I know 2 people with severe complications from long covid. And I don't know that many people. So how many around me are living with mild long covid complications and don't realize it?
This is why anecdotes are not informative when trying to understand statistics. You almost certainly don't have a close relationship with hundreds of people that would involve informing you of lingering COVID symptoms nor do you have a random sampling of acquaintances (age, ethnicity, and vaccination status affect how common it is).
I mean, fair, but also: if the implication is that vaccination is the key to reducing covid symptoms - no shit? Also, the article you link mentions 10 percent rate of omicron cases leading to long covid (not mentioning how vaccination rates play into it), so...
Assuming I have a 100 close ties (I have significantly more), and just one of these exhibiting publicly that they have long covid seems highly unlikely. According to the below link, 60% of the US population has caught omicron. The probability of only one of my sixty close ties having long covid is ~1.2%. So...
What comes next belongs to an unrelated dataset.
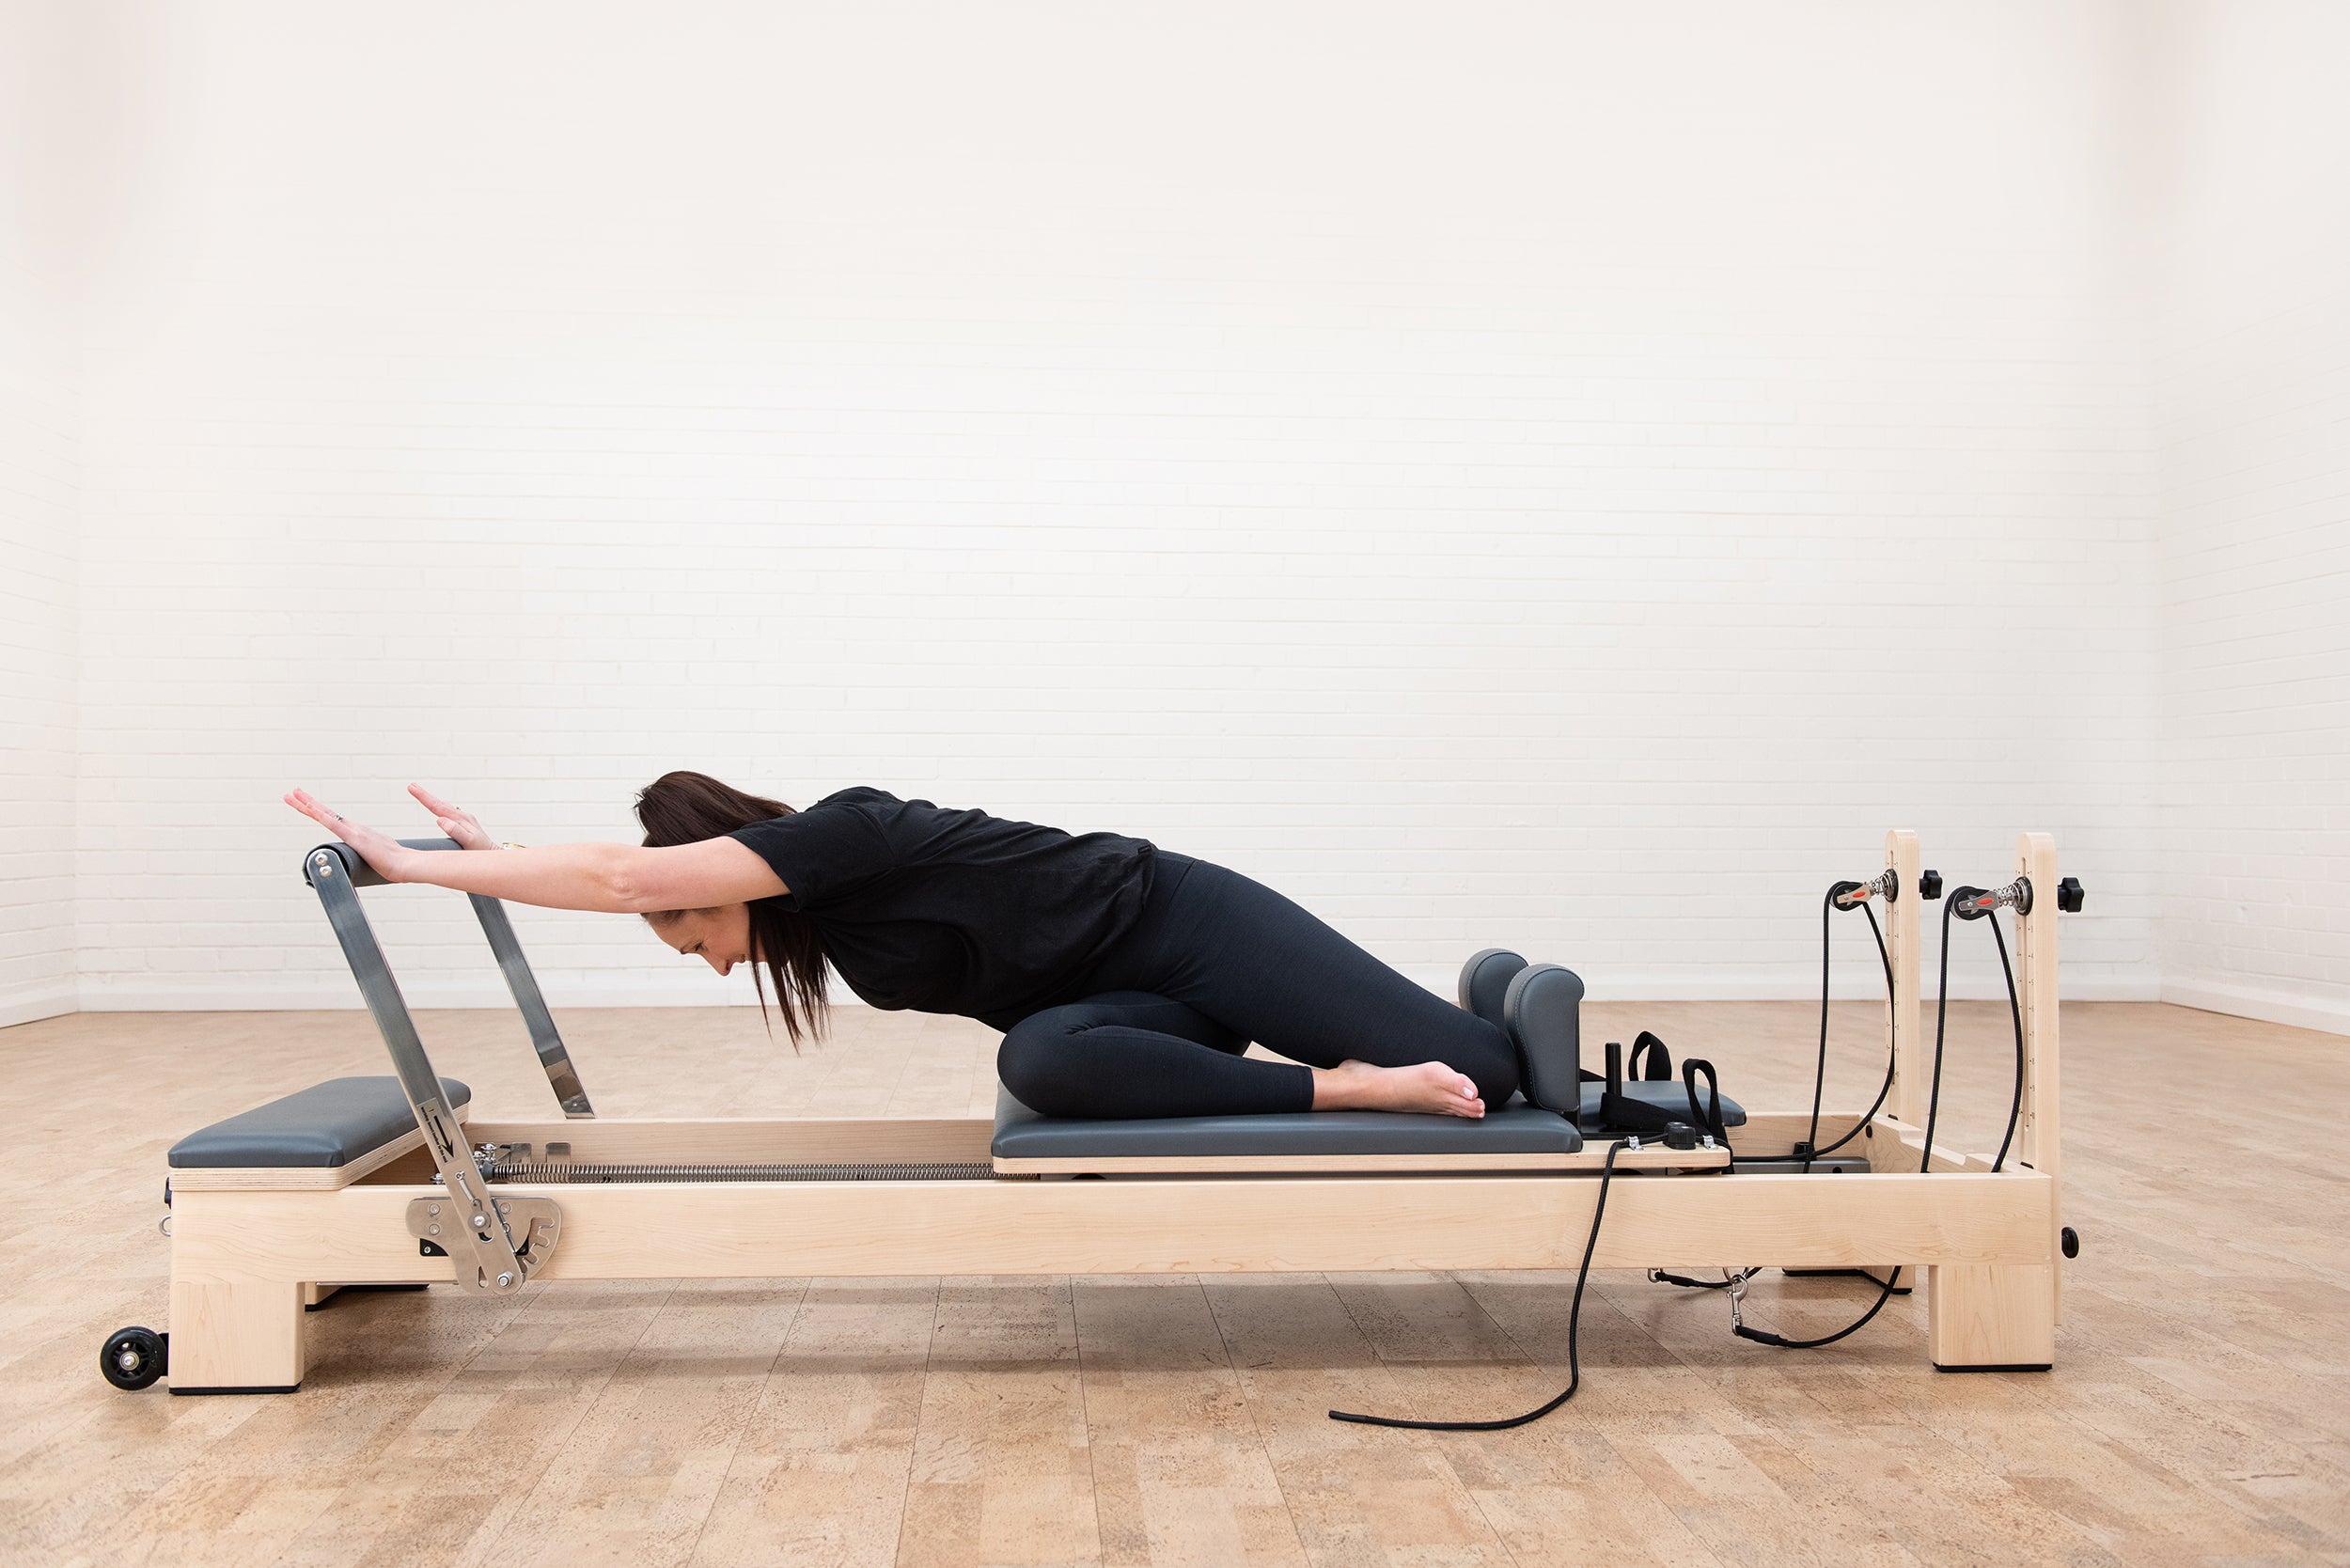 How to Do Reformer Pilates at Home Without a Reformer

The people who have experienced long-term effects are extremely vocal online but it's hard to imagine that it is as common as 1 in 10 given how many people have had covid.
I am extremely curious to see if they find a genotype or something which is an indicator for people being vulnerable to long-covid. It's possible that it will end up being a similar situation for ME/CFS where we have no specific biological markers which differentiate people who suffer from it (aside from the symptoms).
We have scientific studies so you don't need to just go with whatever you imagine reality is. Long COVID isn't necessarily a life altering debilitation, it's symptoms lasting 3 or more months. Often they clear up, but sometimes they don't.
The only person I know who got long covid was unvaccinated, not sure if that affects the likelihood in any way of it sticking around.
I had it twice, and the first time it was a fairly simple thing that went over quickly and the second was a really bad flu-like deal. Though my A/C was out in summertime so it could have just been because of the 90 degree heat in my house or something, idk.
Same, I know absolutely zero people who have gotten long COVID. My brother had it kinda mess him up with fatigue for a few months but he's perfectly fine now.
People can sniffle plenty and not have the flu or another illness. Once you have become an adult, and pay attention, it is really easy to tell the difference. I frequently get allergic response to various things. Even when medicated, there is still a slow trickle.
Maybe you should trust people, he probably knows of if it is allergies or the flu more than you do.
I guess what you're saying makes sense. But some of those times, they complained about headaches and fever.
I mean, it is easy to spot when someone is actually sick vs. someone has allergies.
Regardless, in my country, it is not the "season" of allergies.
I'm no musician, writer, scientist or athlete. I'm just a regular ole shitbag who has worked far too hard to make something of his life while the economy ruined the value of what i worked for and life has gone nothing but backwards.
The fuck should i care what covid does to this shithole.